Try it in your browser  ·  spirevault.app  ·  Download for macOS

Architecture

flowchart LR
    subgraph clients["Clients"]
      Mac["Vault.app<br/>SwiftUI · macOS"]
      Web["Web companion<br/>app.spirevault.app"]
      Mob["Mobile (iOS)<br/>SwiftUI · iPhone/iPad"]
    end

    subgraph cf["Cloudflare edge"]
      Pages["Pages<br/>static HTML/CSS/JS"]
      Worker["Worker · TypeScript<br/>presence · invites · auth · runs"]
      KV[("KV namespace<br/>roster · invites · sessions · runs")]
    end

    Steam[("Steam OpenID 2.0<br/>Valve hosted")]
    Disk[("Local save folder<br/>.run files")]
    IDB[("IndexedDB<br/>cached runs")]
    AI[("OpenAI / Anthropic<br/>(Run Coach · BYO key)")]

    Mac -- reads --> Disk
    Web -- file picker --> IDB
    Web -- cached --> IDB
    Mac -- "embeds · WKWebView" --> Web
    Mac -- "presence · invites · runs sync" --> Worker
    Web -- "presence · invites · runs sync" --> Worker
    Mob -- "presence · invites · runs sync" --> Worker
    Pages -- serves --> Web
    Worker -- verify signature --> Steam
    Worker --> KV
    Mac -. sign in once .-> Steam
    Web -. sign in once .-> Steam
    Mob -. sign in once .-> Steam
    Mac -. "Run Coach Beta · direct, BYO key" .-> AI
    Web -. "Run Coach Beta · direct, BYO key" .-> AI

    classDef ext fill:#1a1525,stroke:#5b4080,color:#d8c8ff;
    classDef store fill:#161220,stroke:#3d3458,color:#c8c0d8;
    class Steam,AI ext
    class Disk,IDB store

Loading

Single-UI rendering (v0.9.2).

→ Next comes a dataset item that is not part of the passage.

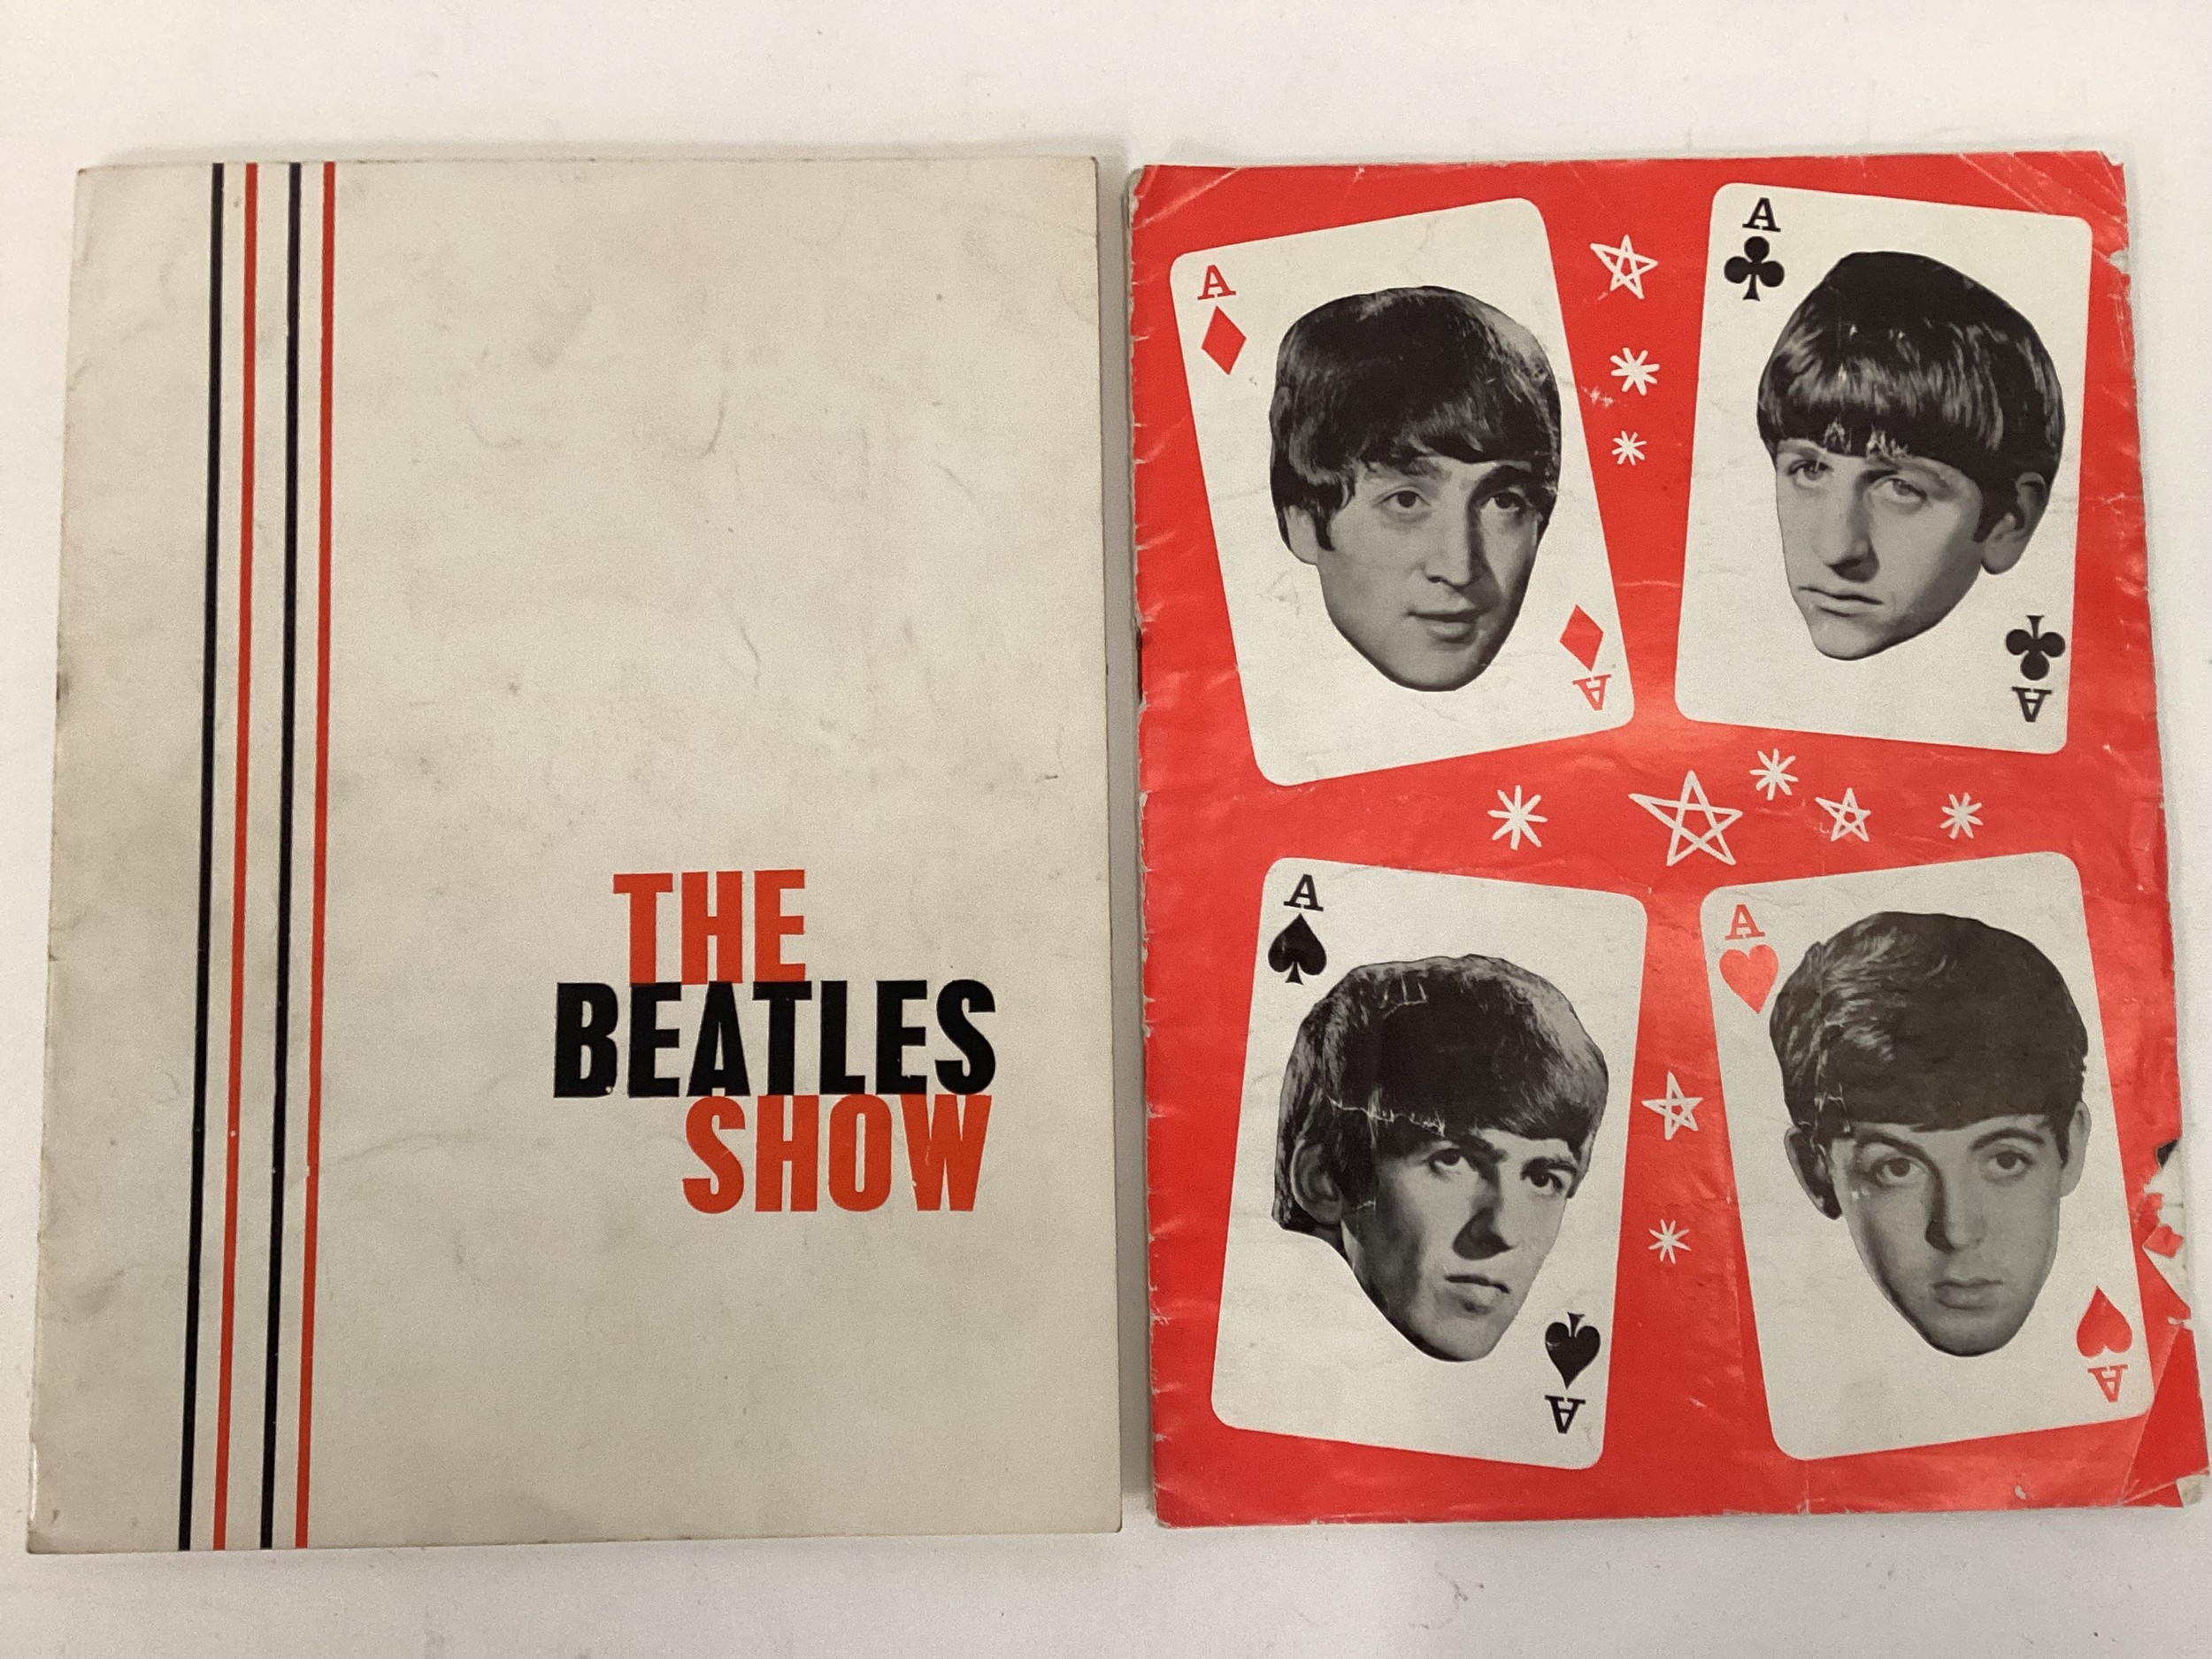 COLLECTION OF EPHEMERA FROM THE BEATLES. Nice collection of various items in print from The Beatles. - Image 3 of 9

The macOS app no longer maintains a parallel SwiftUI copy of every cloud panel. Stats, Co-op, Community Highlights, and News are rendered by WKWebView pointed at app.spirevault.app. The native sidebar drives the embedded tab via a window.SpireVault bridge; locally-parsed runs from VaultCore are pushed into the embedded page over the same bridge so the user sees their real history without any cloud round-trip. Beta and Settings stay native because they need NSPanel / Keychain / NSOpenPanel.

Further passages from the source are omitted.